APPENDIX 4.2
PSYCHOPATHOLOGY AND SEXUAL OFFENDING
Mental health problems such as depression are negatively associated with future offending among adolescent offenders (Katsiyannis, Zhang, Barrett, & Flaska, 2004; Vermeiren, Schwab-Stone, Ruchkin, De Clippele, & Deboutte, 2002), which suggests psychopathology may, in fact, have a protective effect. However, problems such as depression could still play a role in the onset of sexual offending if, for example, they led to the use of sex as a coping strategy and if using sex as a coping strategy increased the likelihood of having sexual contact with a child (Cortoni & Marshall, 2001).
Leue, Borchard, and Hoyer (2004) reported on the psychiatric morbidity of 55 adult sex offenders, 21 of whom had offended against children. The prevalences were high and probably reflected the fact that the sample was recruited from a forensic psychiatric setting; for example, 69% met diagnostic criteria for any anxiety disorder during their lifetime, and 56% met diagnostic criteria for any mood disorder during their lifetime. Dunsieth et al. (2004) also reported high prevalence rates in a sample of 113 male sex offenders seen at a residential treatment facility; for example, 58% met diagnostic criteria for a mood disorder, and 23% met diagnostic criteria for an anxiety disorder. The 84 paraphilic sex offenders, one half of whom were pedophiles, were more likely to have any mood disorder, anxiety disorder, or impulse control disorder than the 26 nonparaphilic sex offenders (3 men were not classified as either paraphilic or nonparaphilic).
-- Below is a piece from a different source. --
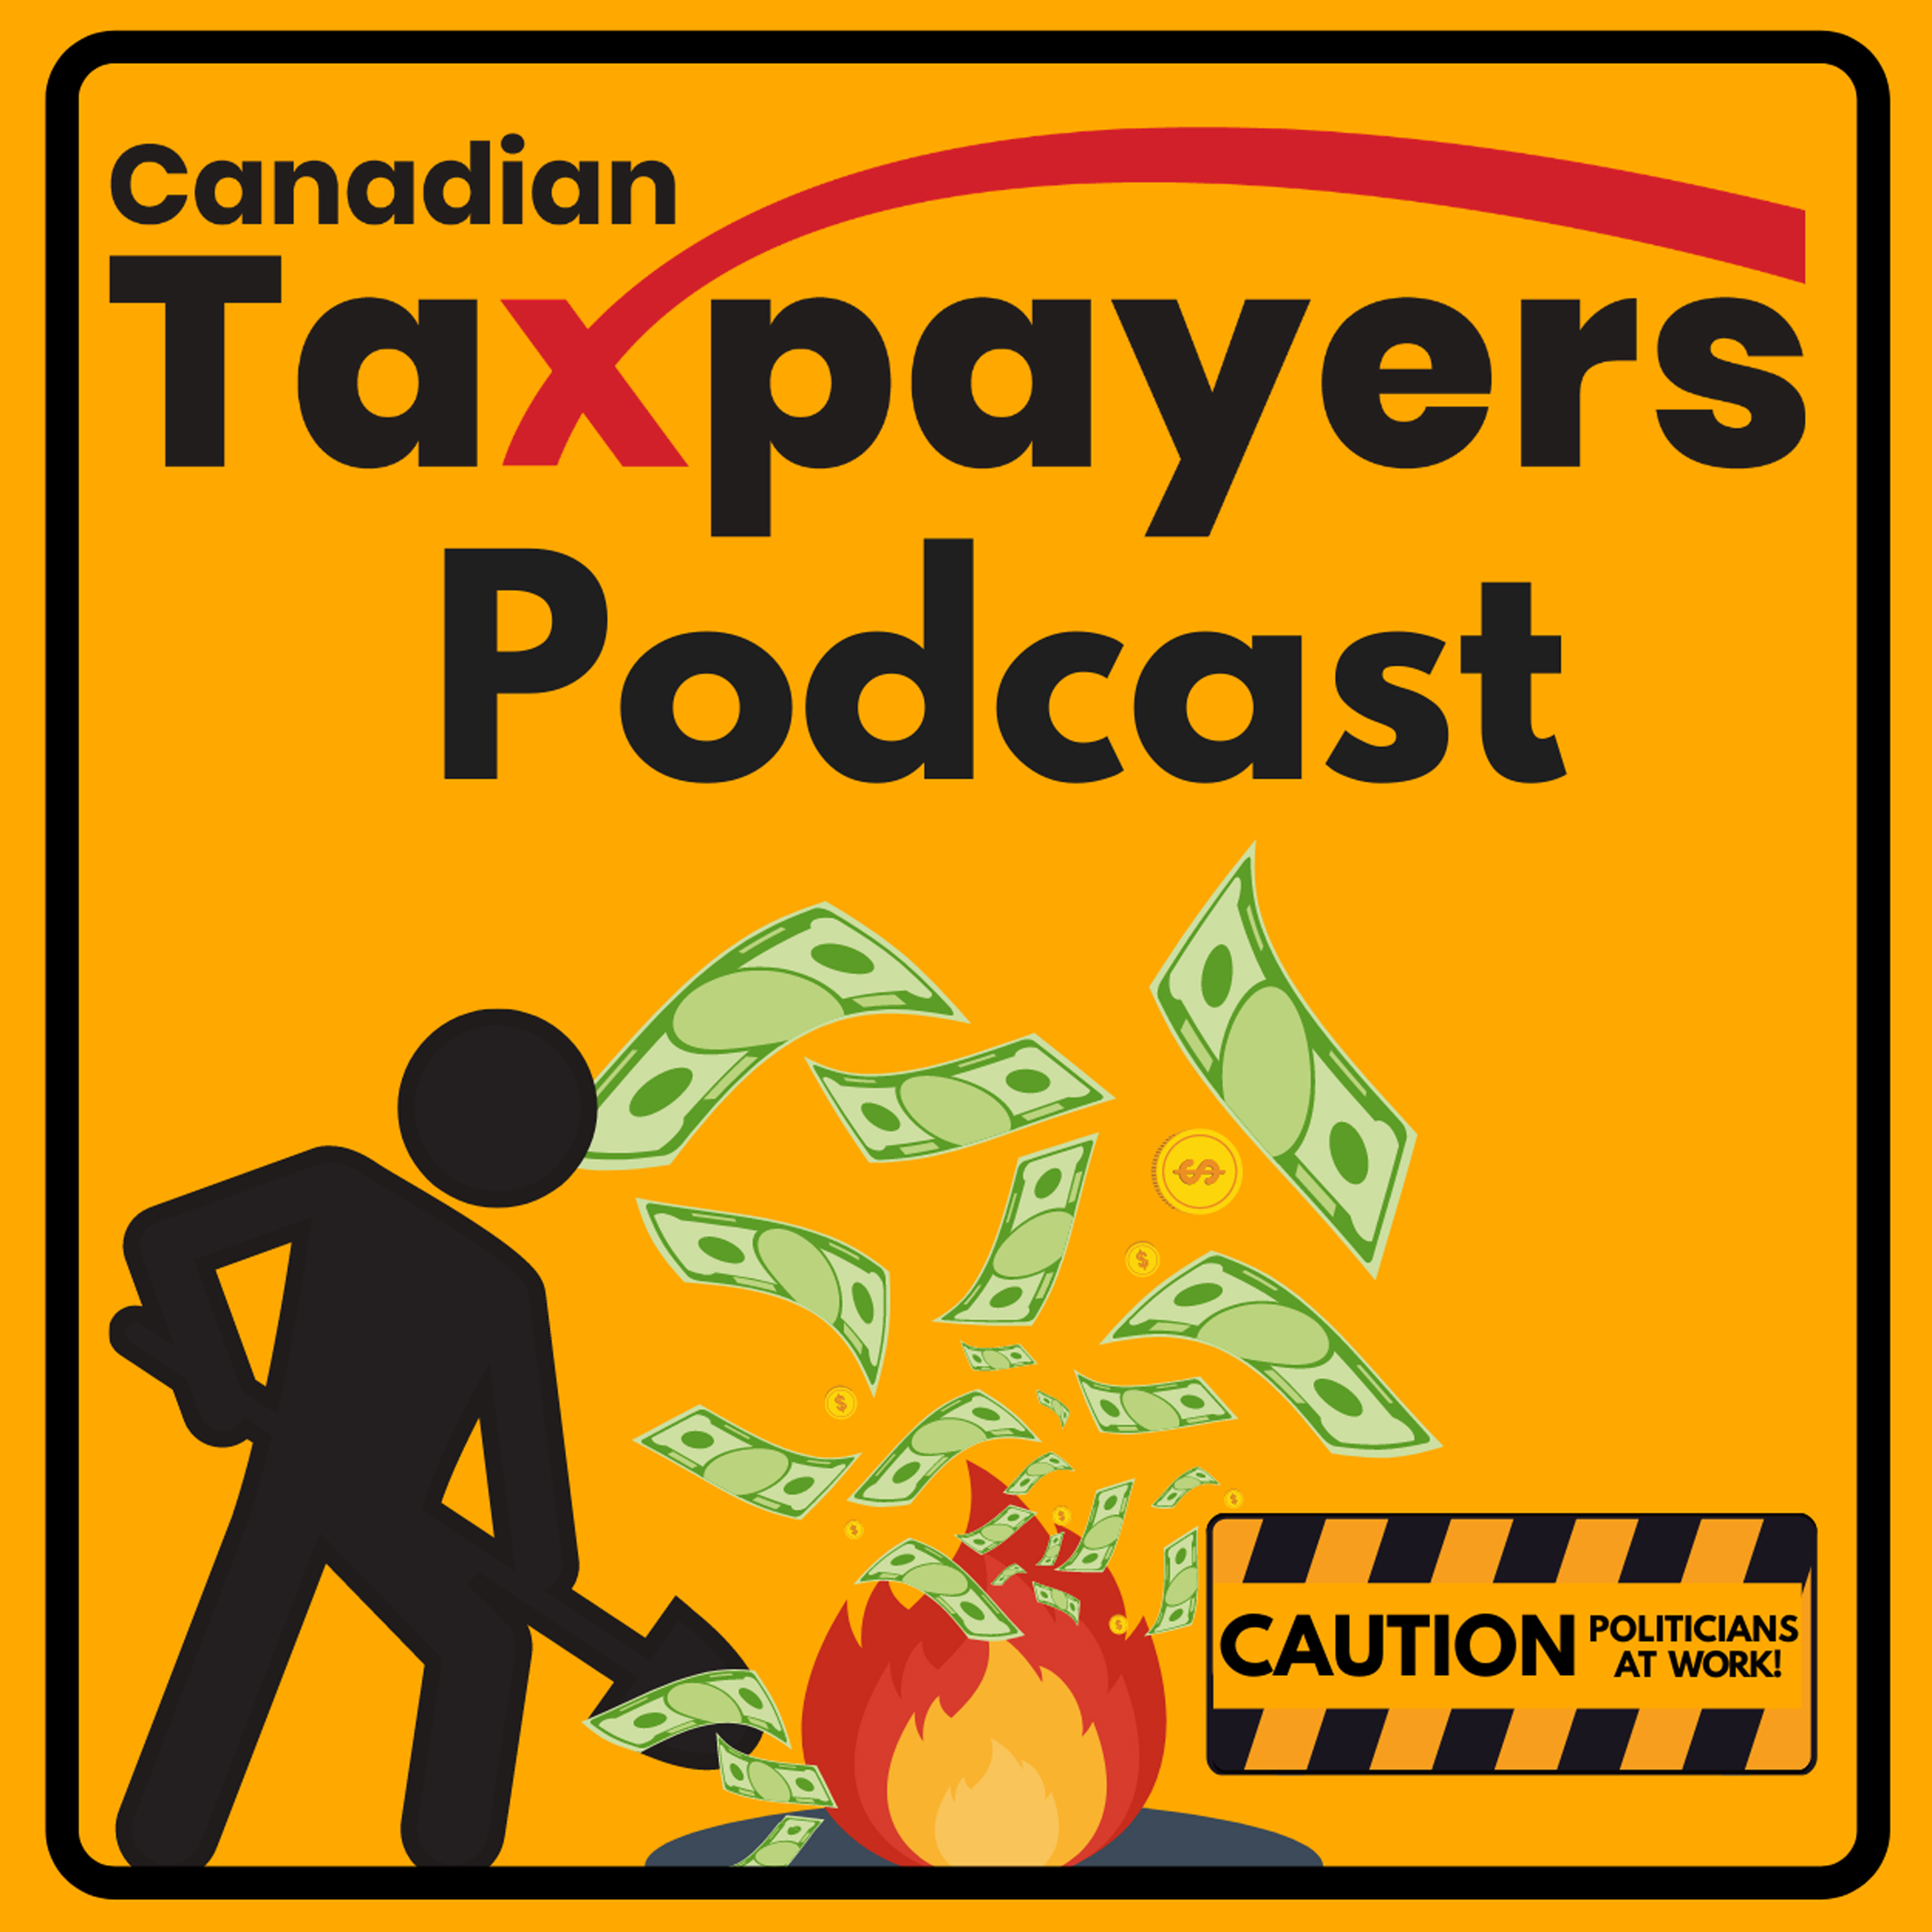 #66 Trudeau’s Tax Hikes, O’Toole Carbon Tax Price Tag, One Expensive Toilet

Långström, Sjöstedt, and Grann (2004) reported on the psychiatric comorbidity of all adult male sex offenders released from prison in Sweden between 1993 and 1997 based on hospital admissions (N = 1,215 sex offenders; 522 had offended against children). Of those who offended against children, relatively few (4.8%) had any psychiatric disorder, and the most common diagnoses for both groups of sex offenders were substance abuse, substance dependence, and personality disorders. Långström et al. suggested that an explanation for the relatively low prevalences found in this study was that the diagnoses were based on hospital admissions, and only some diagnoses were the focus of the inpatient assessments. Finally, N. C. Raymond, Coleman, Ohlerking, Christenson, and Miner (1999) reported on the psychiatric diagnoses of 45 pedophilic sex offenders; a majority had a diagnosable mood disorder (67%) or anxiety disorder (64%) at some point in their lives, and one half (53%) met diagnostic criteria for another paraphilia.
All of these studies indicate there is a great deal of psychiatric comorbidity among adult sex offenders against children. What they do not indicate is whether sex offenders against children differ from other offenders. Only studies that directly compare adult sex offenders and other offenders, using the same measures and recruitment methods, would reveal if psychopathology might be a unique factor. In addition, studies would need to account for additional factors that might explain the comorbidity of psychopathology and sexual offending against children and establish that psychopathology was present before the onset of sexual offending against children (e.g., by reviewing prior mental health records).
1 The logic and available inference of these types of specificity design studies—studies that compare two or more groups on theoretically relevant variables—has been discussed by Garber and Hollon (1991). Briefly, these specificity design studies allow the researcher to determine if a feature of interest is unique (specific) to pedophiles or to sex offenders against children. Failing to show a difference between groups would rule out a simple causal model, that is, that the feature of interest is a necessary and sufficient cause of pedophilia or sexual offending against children. It does not rule out, however, causality in a more complex model that involves multiple factors or interactions between factors.
2 Because very different definitions and measures of childhood sexual abuse were used, these percentages should not be interpreted as prevalence estimates. However, because each study in Seto and Lalumière’s (2007) meta-analysis used the same definition and measure of childhood sexual abuse in comparing adolescent sex offenders and other adolescent offenders, the difference between groups can be meaningfully interpreted.